Instant invention overcomes the shortcoming displayed in classic method, do not need to specify clusters number in advance, the input sequence of document does not affect cluster result, insensitive to parameters such as similar radial.
Accompanying drawing explanation
Fig. 1 is the Text Clustering Method block diagram based on the conversion of class central compressed;
Fig. 2 is the Text Clustering Method structural drawing based on the conversion of class central compressed;
Fig. 3 is the variation diagram along with initial K value rising KMeans method and class central compressed transform method clustering precision;
Fig. 4 is along with class center similarity radius increases, the variation diagram of DBSCAN method and class central compressed transform method clusters number;
Fig. 5 is KMeans method, the comparison diagram of DBSCAN method and the average clustering precision of class central compressed transform method.
Embodiment
Below in conjunction with drawings and Examples, the present invention is further described.

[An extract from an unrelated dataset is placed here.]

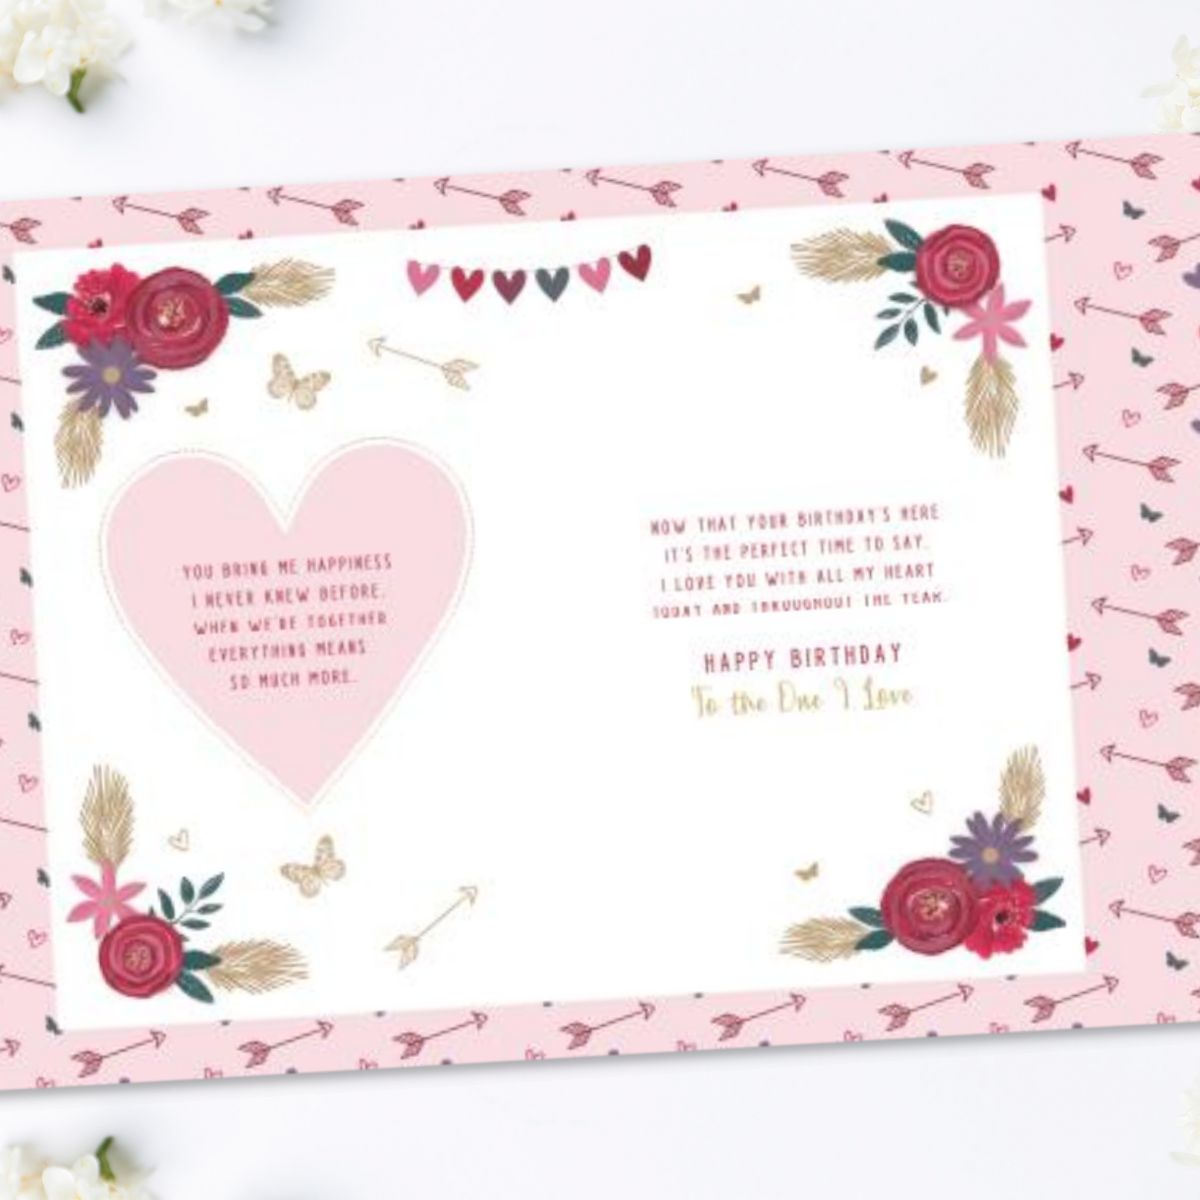 Further two pages with pink cupids arrow border and verse

A kind of Text Clustering Method based on the conversion of class central compressed of the present invention, it fully excavates the potential applications association between text vocabulary, calculates vocabulary center, and compression class center, improves the precision of text cluster.The similarity of compute classes center and text, iteration Abruption and mergence, recombination classes center, until meet certain standard.Potential applications association between described excavation text vocabulary, the tf-idf that utilization improves calculates the similarity between text, in this, as the important indicator weighing the degree of association between text vocabulary.Extract the title of every section of document simultaneously and carry out participle, the similarity of title vocabulary is weighted.
tf new=log(tf)+1
wherein fileNum is the sum of text, and freOccur is the amount of text occurring this word;
Potential applications association between described excavation text vocabulary, excavate synonym phrase, co-occurrence high-frequency phrase (jointly appearing in many sections of documents) improves the computational accuracy of Lexical Similarity, and in this, as initial words clustering center.
Described calculating vocabulary center, utilizes vocabulary to appear at the number of times of same section document, appears at the frequency of different document, and with the word of its nearly justice, the features such as co-occurrence relative words, carry out key words sorting to vocabulary, calculate the immediate vocabulary center of vocabulary.
Described compression class center, more the center id of new term, compresses class center, allows same vocabulary only appear in some high classes similar to it at heart.
Described compute classes center and the similarity of text, the input sequence of randomization text.Similarity is calculated according to the information after cluster centre and Text Pretreatment.To each section of text, calculate the similarity of it and all cluster centres, the cluster centre id selecting similarity maximum is as the class belonging to this text.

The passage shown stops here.